» **DATA EXCERPT**:
__________________________________________________
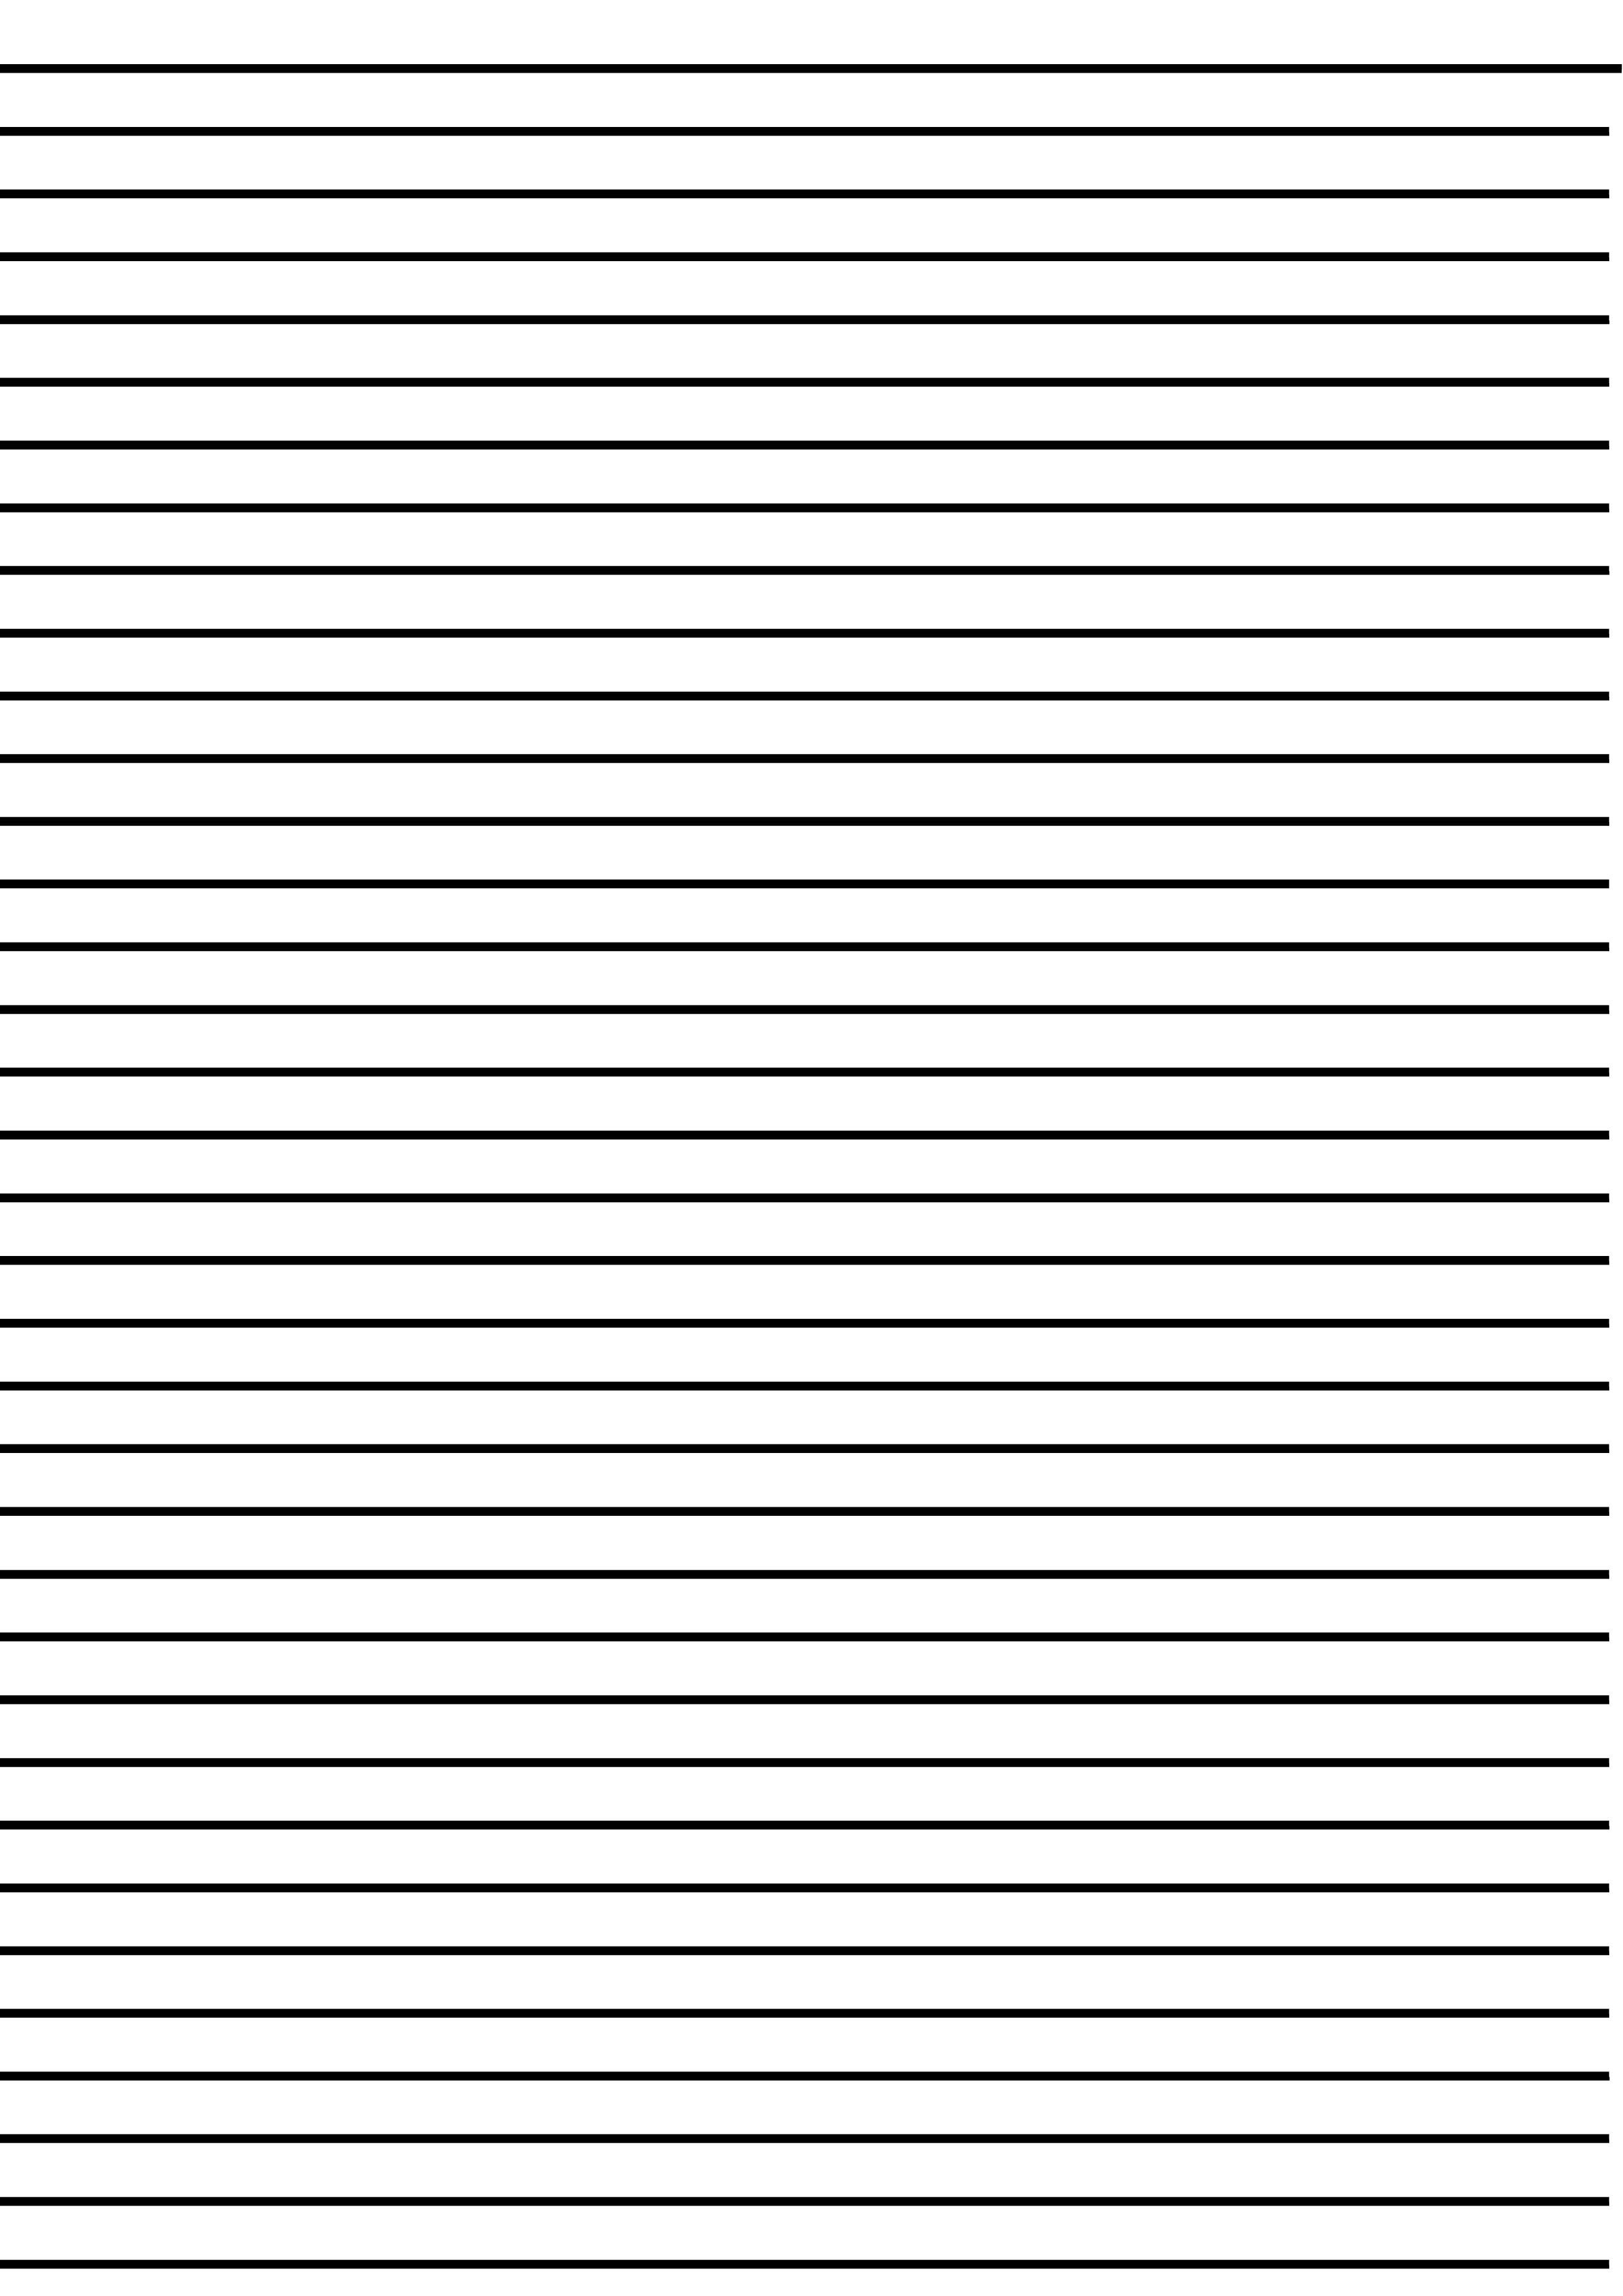 Зебра образец листа скачать
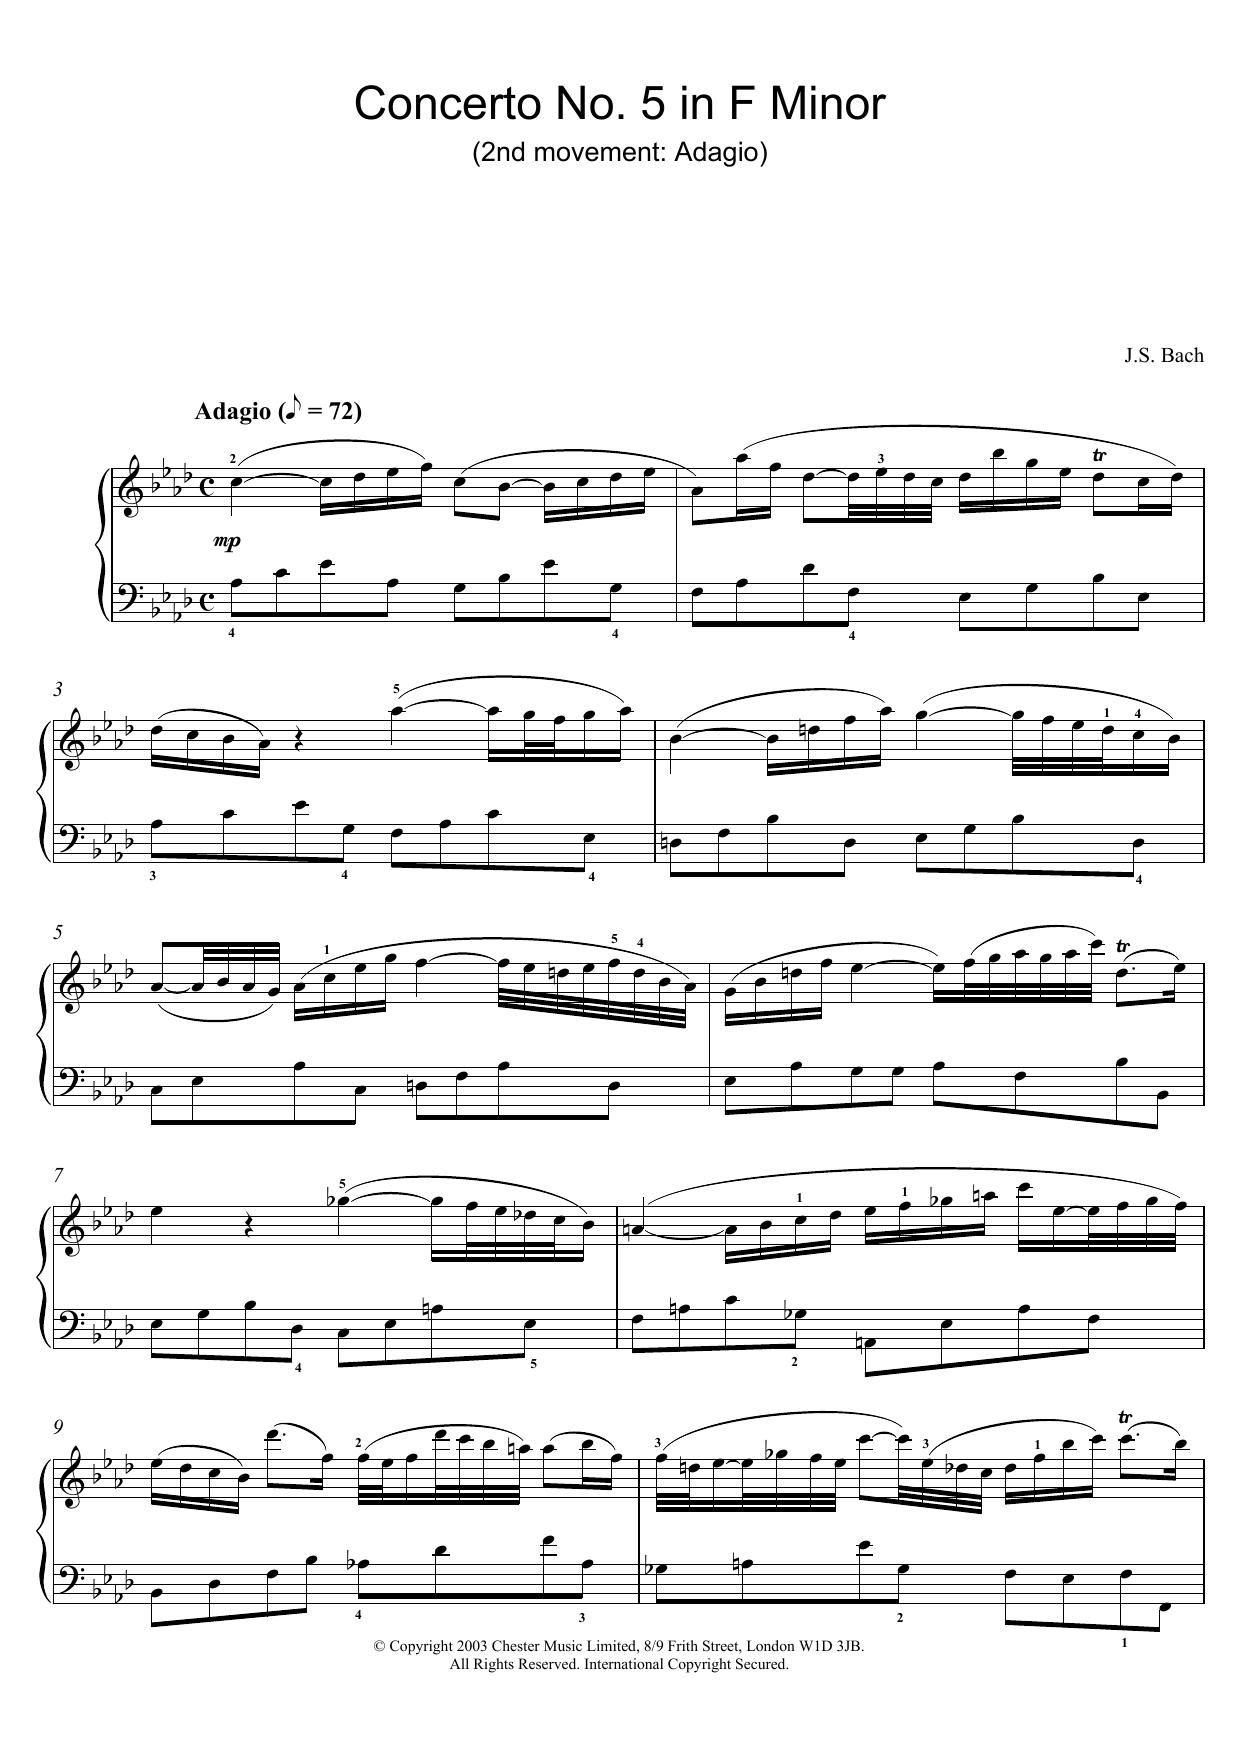 Piano Concerto No. 5 in F Minor (2nd movement: Adagio) sheet music
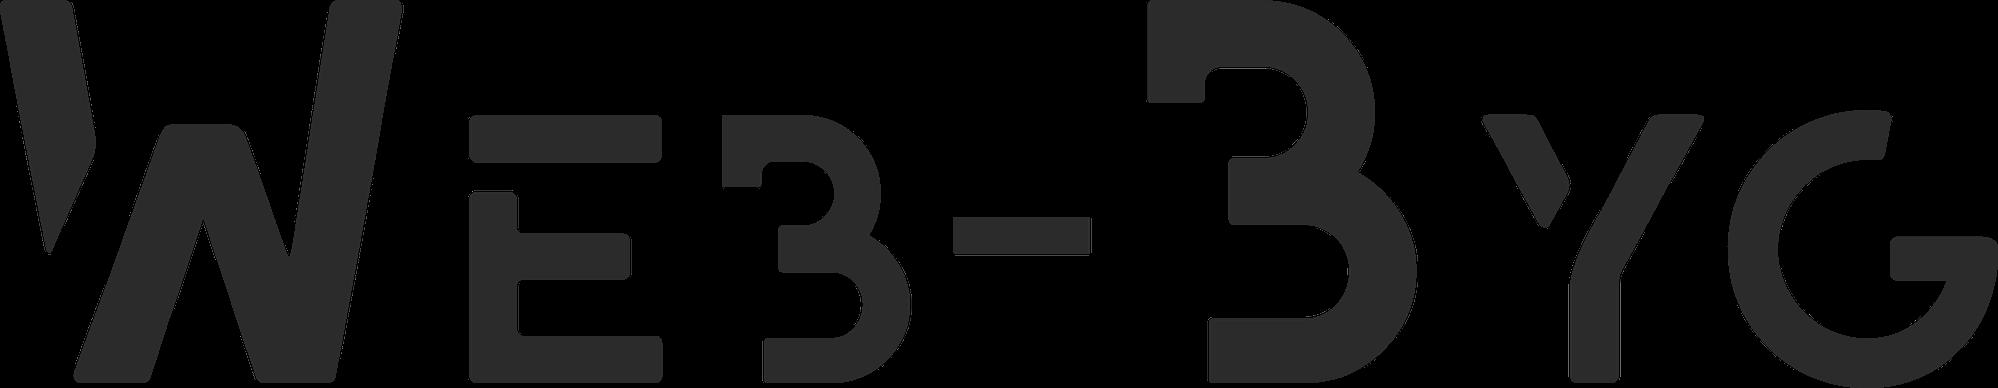 Web-byg logo
__________________________________________________
Output the complete listing exactly as it appears, except for the images.

 Зебра образец листа скачать
 Piano Concerto No. 5 in F Minor (2nd movement: Adagio) sheet music
 Web-byg logo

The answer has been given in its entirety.